Randomized Trial of Three Anticonvulsant Medications for Status Epilepticus
N Engl J Med; 381(22):2103-2113
28 November 2019
Status Epilepticus is severe neurological emergency condition, which usually require senior consultation and immediate intensive care from the very beginning. Status epilepticus can present as an exacerbation of a pre-existing seizure disorder or the initial manifestation of a new undiagnosed seizure disorder, or it can represent an insult other than a seizure disorder.

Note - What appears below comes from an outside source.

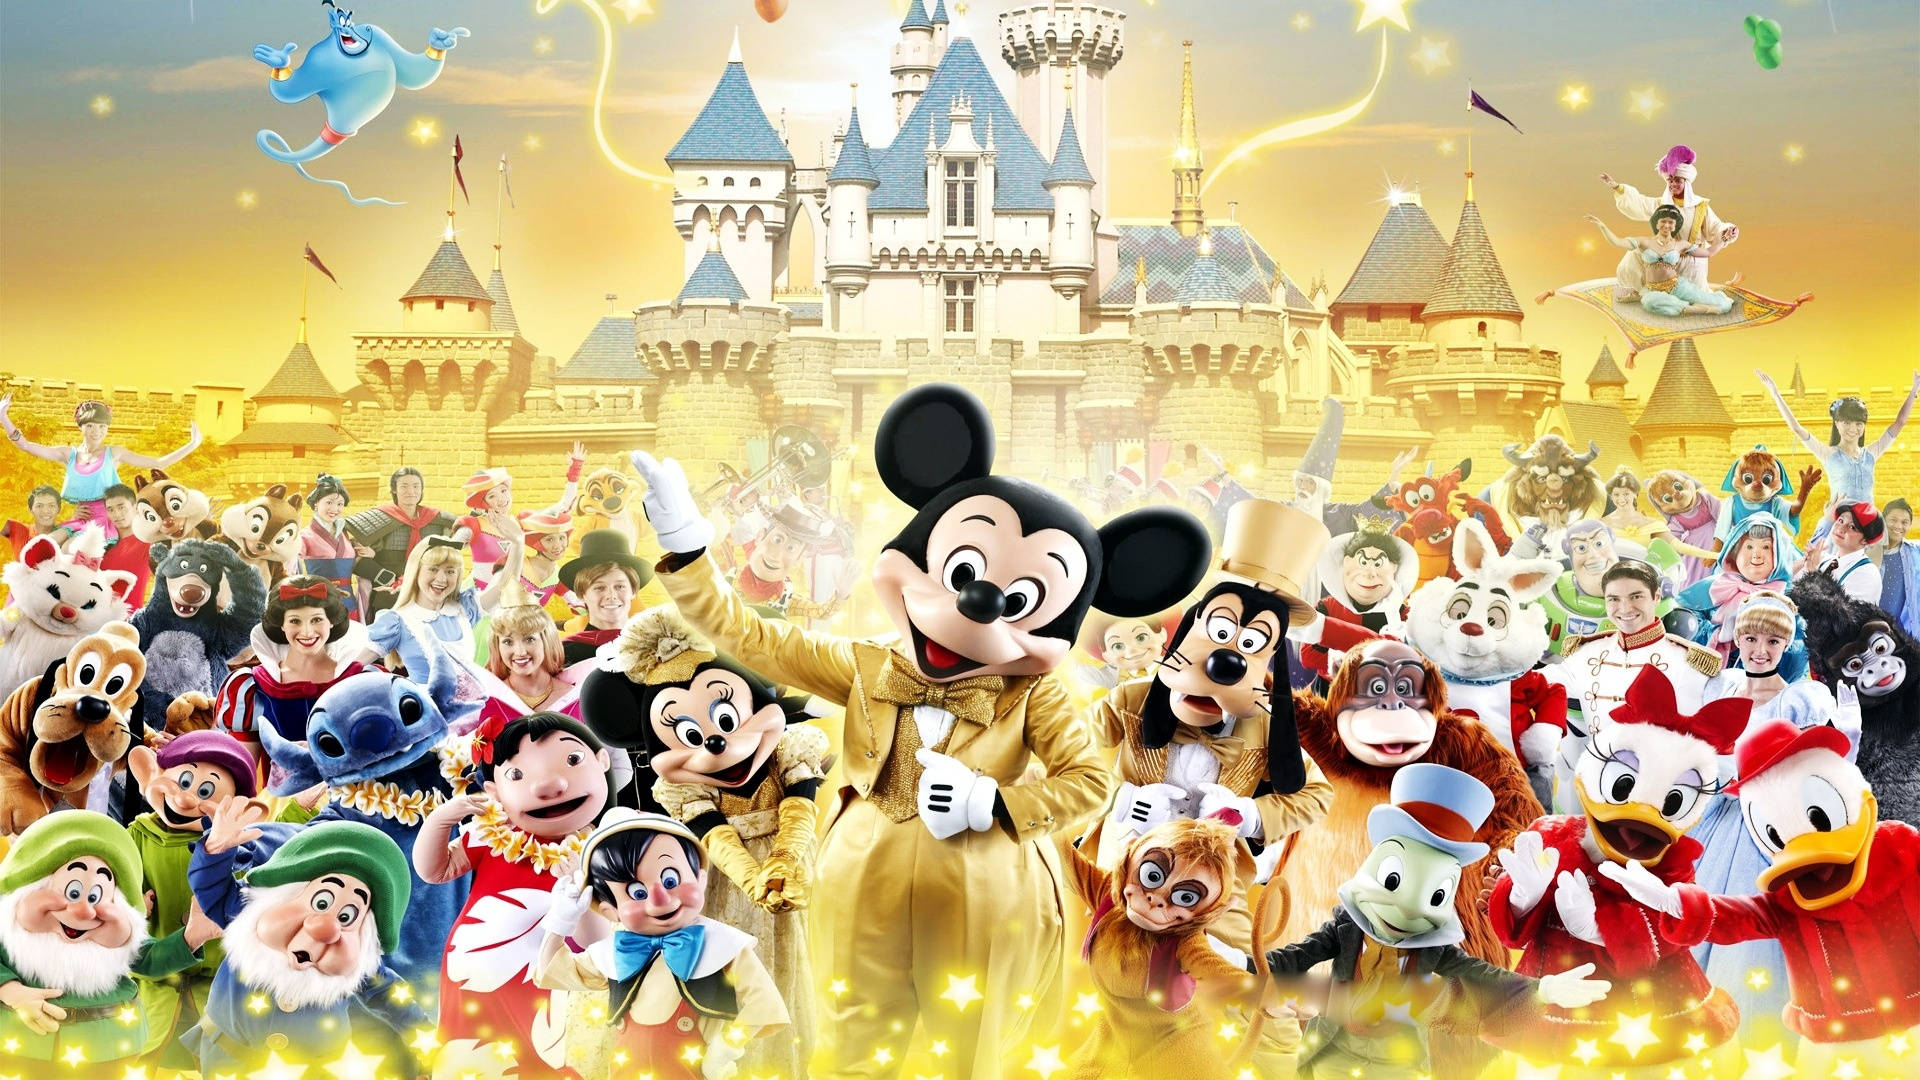 Disney 1920x1080 Hd Disney Mascots And Castle
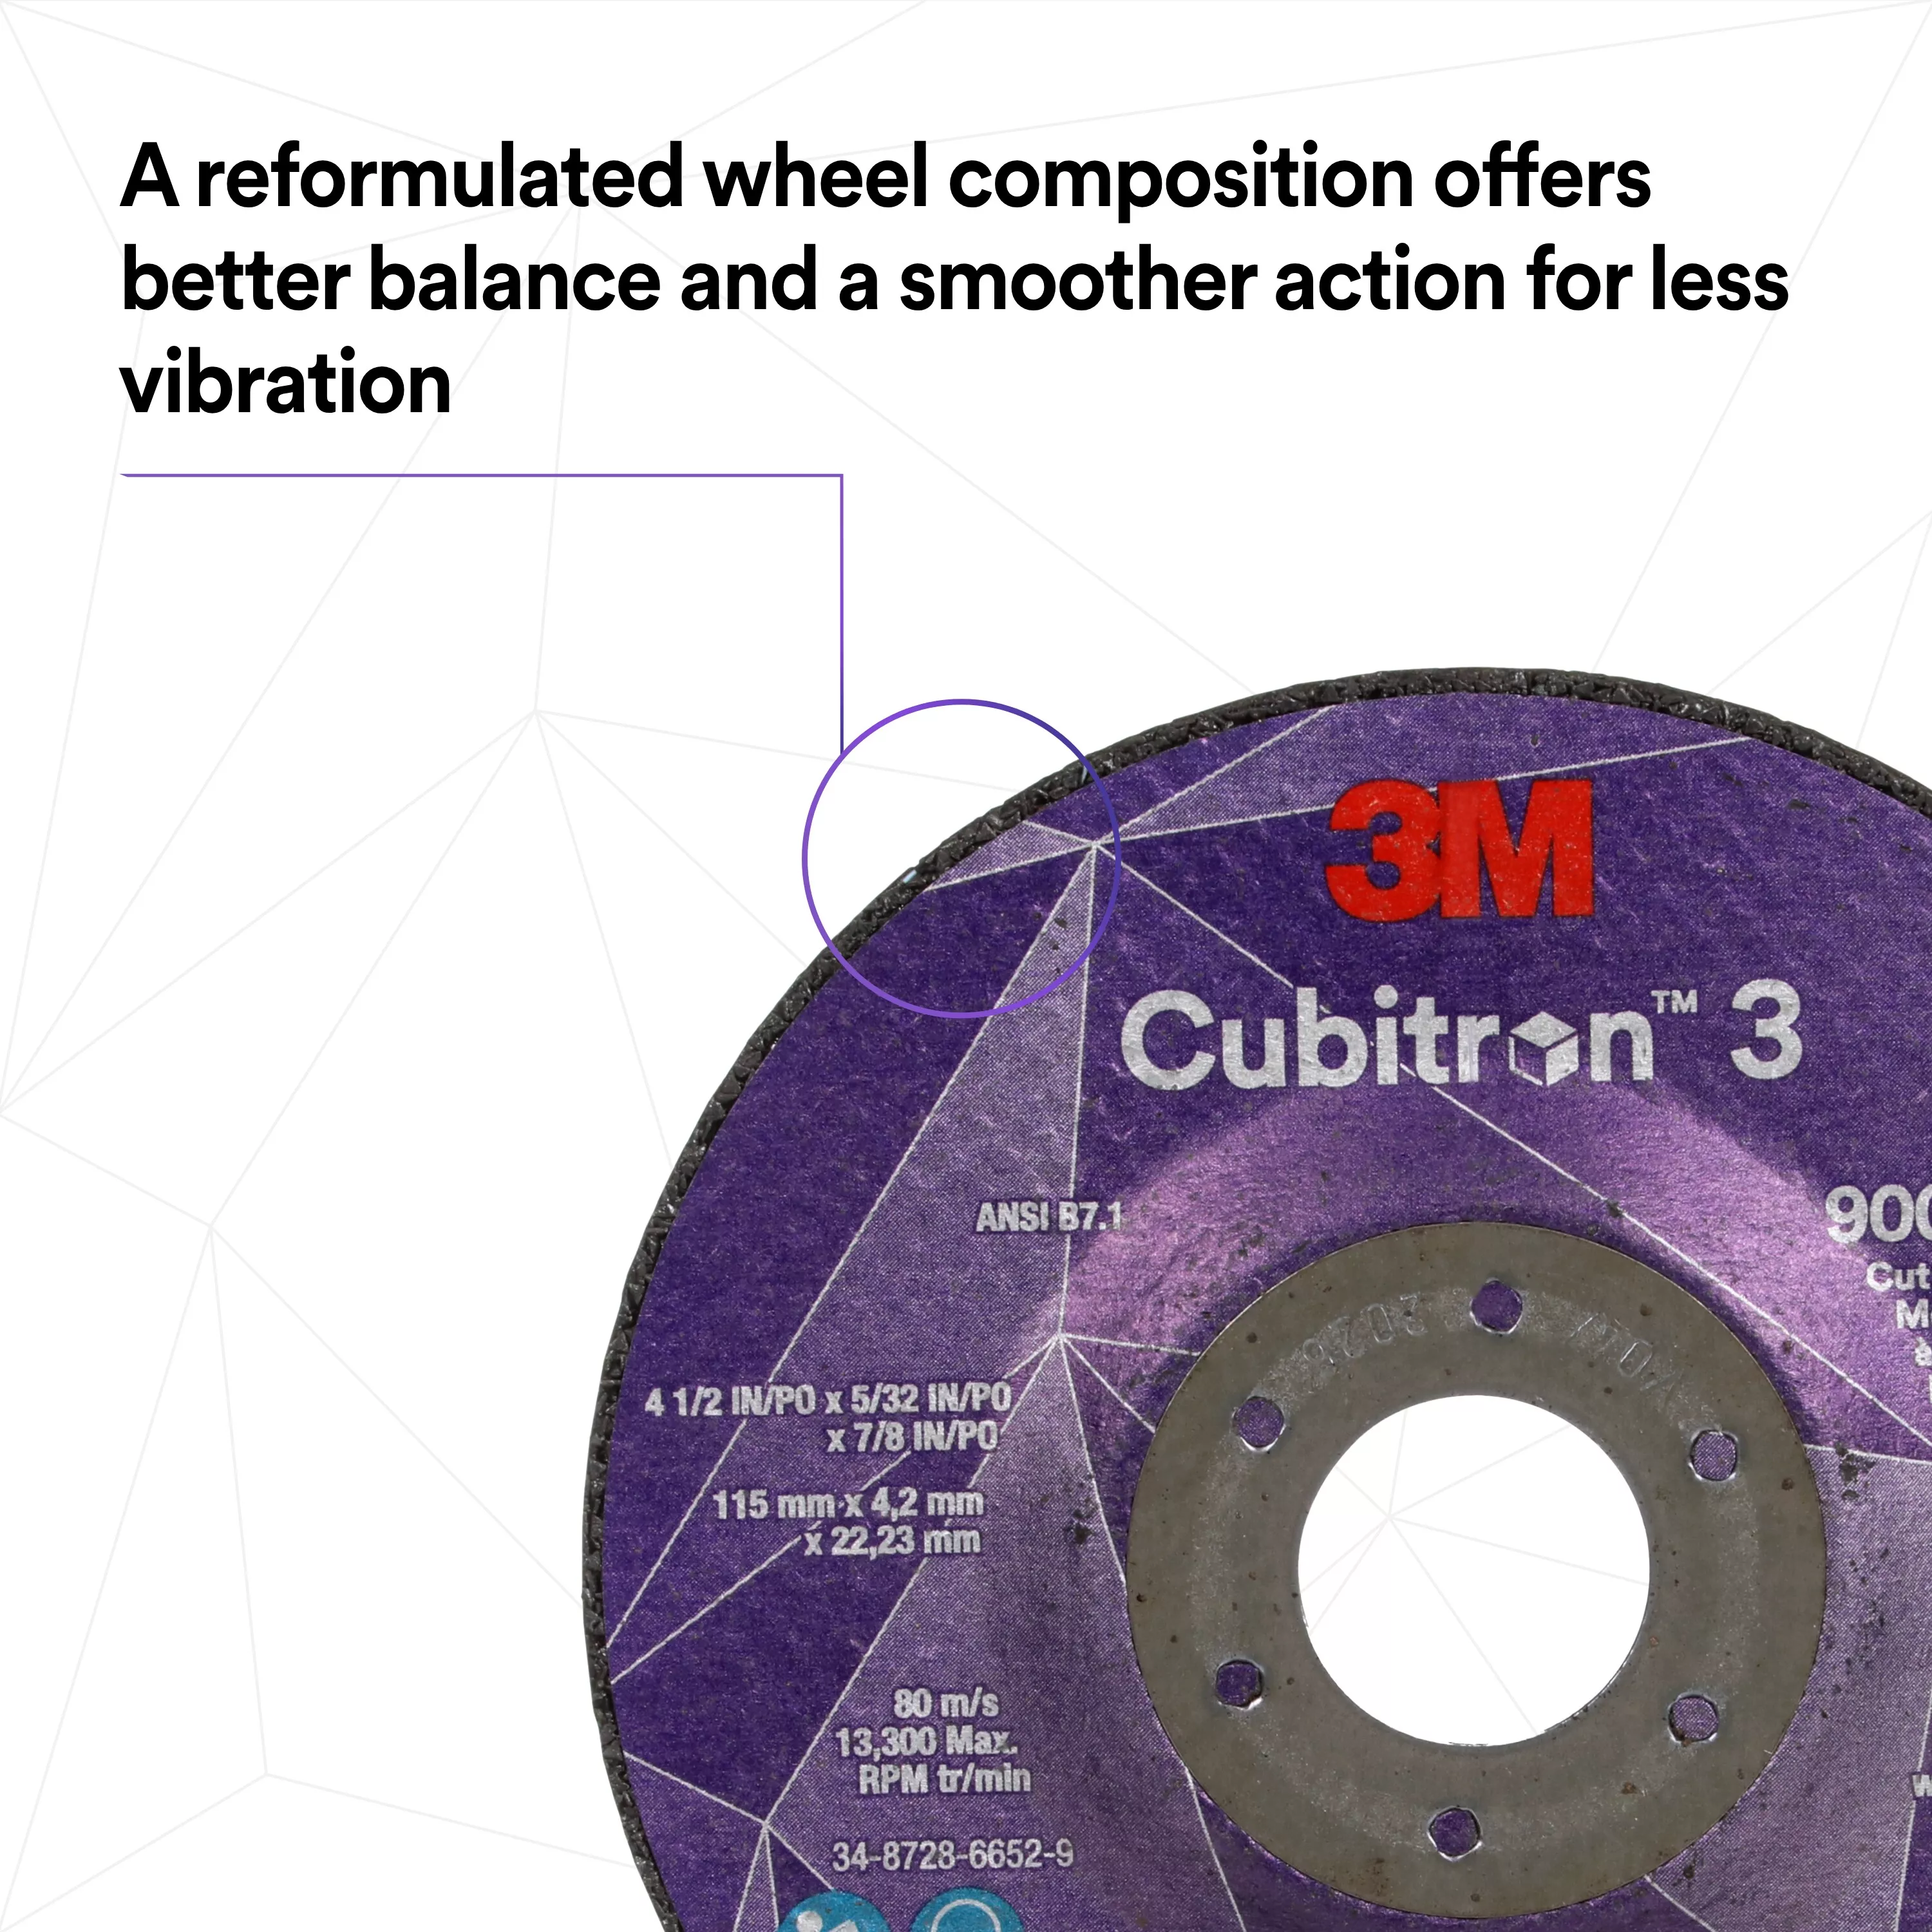 SKU 7100303968 | 3M™ Cubitron™ 3 Cut and Grind Wheel

Convulsive type of status epilepticus is defined as a continuous convulsion for longer than 5 minutes or 2 subsequent seizures without recovery of baseline consciousness. Exact time necessary for diagnosis of status epilepticus has been changed several times. The previous time requested to diagnose status epilepticus for more than 30minutes has been superseded with the aim of limiting the irreversible neurologic damage that has been proved in animal models. Early treatment and management of seizure lasting over 5 minutes showed improved outcomes of status epilepticus in adults and children, whereas delaying such intervention carry increased risk of neurologic harm and death, particularly in tonic-clonic status epilepticus.
On the other hand, non-convulsive status epilepticus carries relatively fewer risk and is defined as a non-convulsive seizure associated with changes in mental status lasting at least 30 minutes.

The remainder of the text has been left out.